FeatHub provides HiveSource
to read data from a Hive table and HiveSink
to
materialize feature view to a Hive table.
- Flink1: Streaming Scan, Streaming Append
- Only supports Hadoop 3.1.x
- Flink: CSV, Parquet
Before using Hive connector in Flink Processor, make sure you have configured the hadoop and hive environment on both your Flink cluster and PyFlink client.
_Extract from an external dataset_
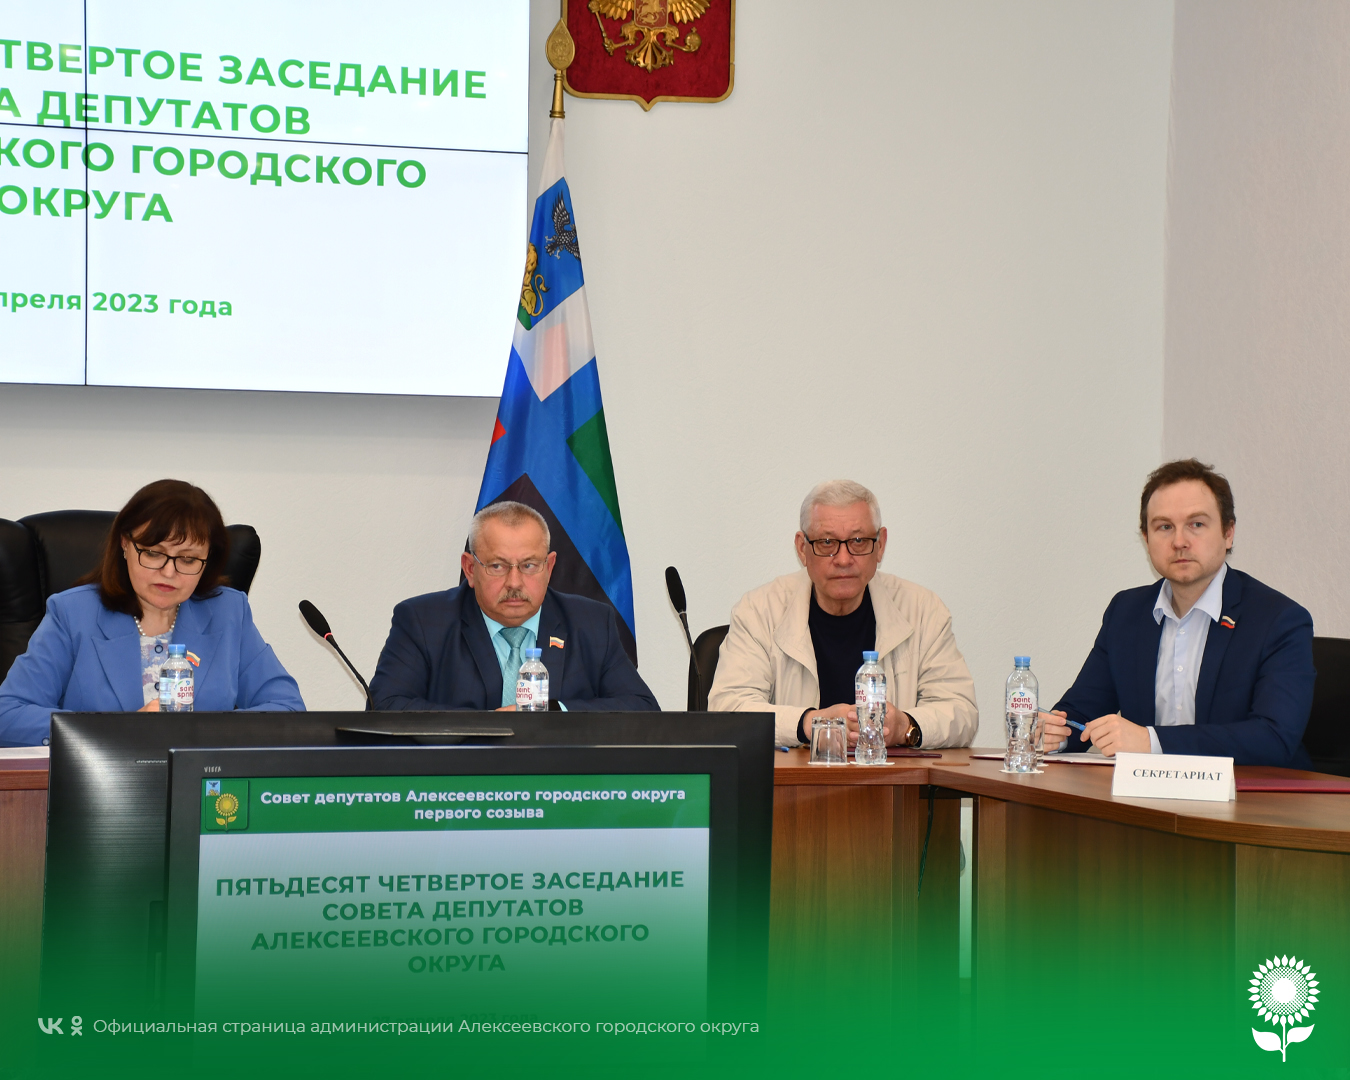 В Алексеевке состоялось пятьдесят четвертое заседание Совета депутатов

Please refer to Flink's document for configuration guidelines.
Here are the examples of using HiveSource
and HiveSink
:
feature_view = DerivedFeatureView(...)
hive_sink = HiveSink(
database="default",
table="table",
hive_catalog_conf_dir=".",
data_format="parquet",
processor_specific_props={
'sink.partition-commit.policy.kind': 'metastore,success-file',
}
)
feathub_client.materialize_features(
feature_descriptor=feature_view,
sink=sink,
allow_overwrite=True,
).wait(30000)
schema = (
Schema.new_builder()
...
.build()
)
source = HiveSource(
name="hive_source",
database="default",
table="table",
schema=schema,
data_format="parquet",
keys=["key"],
hive_catalog_conf_dir=".",
timestamp_field="timestamp",
timestamp_format="%Y-%m-%d %H:%M:%S %z",
)
feature_view = DerivedFeatureView(
name="feature_view",
source=source,
features=[
...
],
)